- Location: 37°12′36″S 143°52′30″E﻿ / ﻿37.21°S 143.875°E Middle Creek, 6–7 mi (9.7–11.3 km) from Glengower Station between Clunes and Newstead, Colony of Victoria
- Date: 1839 or 1840
- Target: Dja Dja Wurrung people
- Attack type: Mass murder
- Deaths: Unknown
- Victims: Unknown clan of Dja Dja Wurrung people
- Perpetrators: Captain Dugald McLachlan and employees

= Blood Hole massacre =

Massacre in Victoria, Australia

The Blood Hole massacre was a massacre of Aboriginal people in the Port Phillip District (later the colony of Victoria, now the Australian state of Victoria, at the end of 1839 or early 1840. The massacre occurred at Middle Creek, 6–7 mi from Glengower Station, between Clunes and Newstead, killing an unknown number of Djadjawurrung people.

==Background==
Captain Dugald McLachlan established Glengower Station, sometimes employing local Aboriginal people from the Dja Dja Wurrung (Jaara people). His employees also gave out flour and sugar rations to them on occasion.

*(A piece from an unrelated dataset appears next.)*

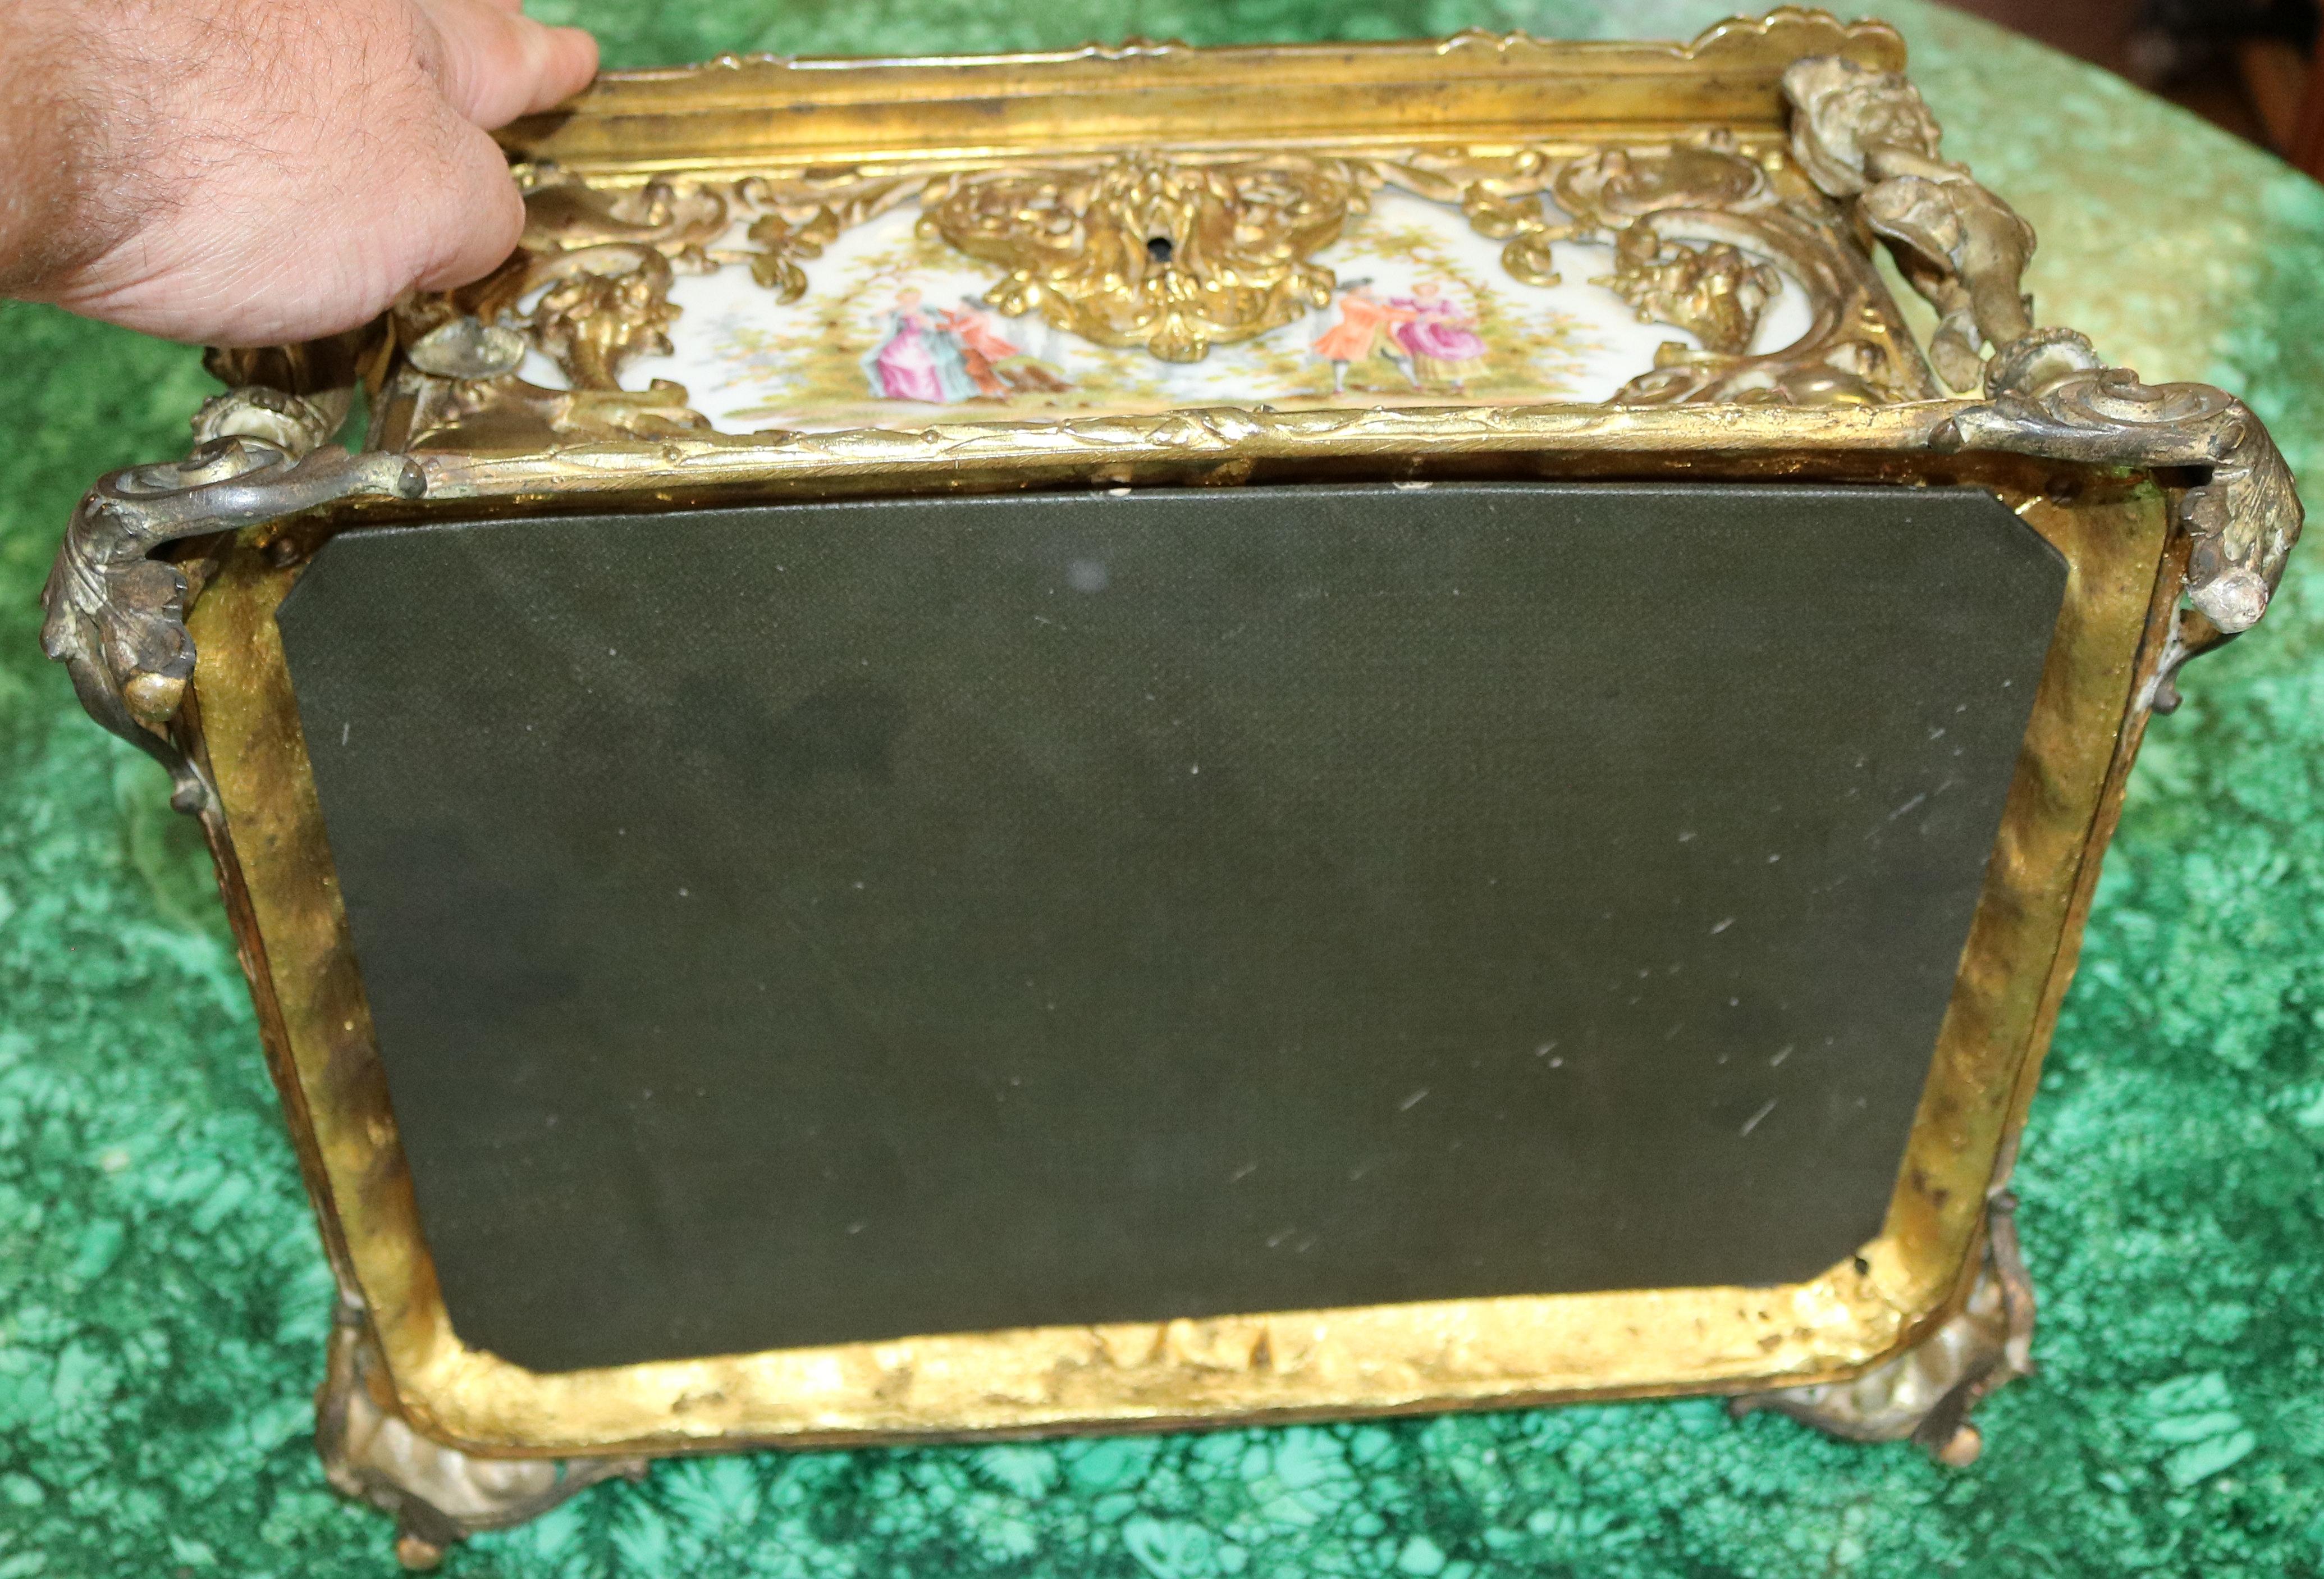 Outstanding Large 19th Century Bronze & Porcelain Jewelry Casket Box For Sale 11

After the cook distributed flour laced with plaster of Paris, the party speared the cook in retribution, and ate the meat hanging in the kitchen.

==The massacre==
Later, Djadjawurrung people from the Grampians district, who had been on their way home after trading goods for green stone axe blanks that they obtained near what is now Lancefield, were found at Middle Creek, a camping place on their trading route from the Grampians to the Greenstone quarry at Mount William near Lancefield.

The Aboriginal people were found at the waterhole on Middle Creek west of Glengower Station. They sought to hide by diving into the waterhole, where they were shot one at a time as they came up for air.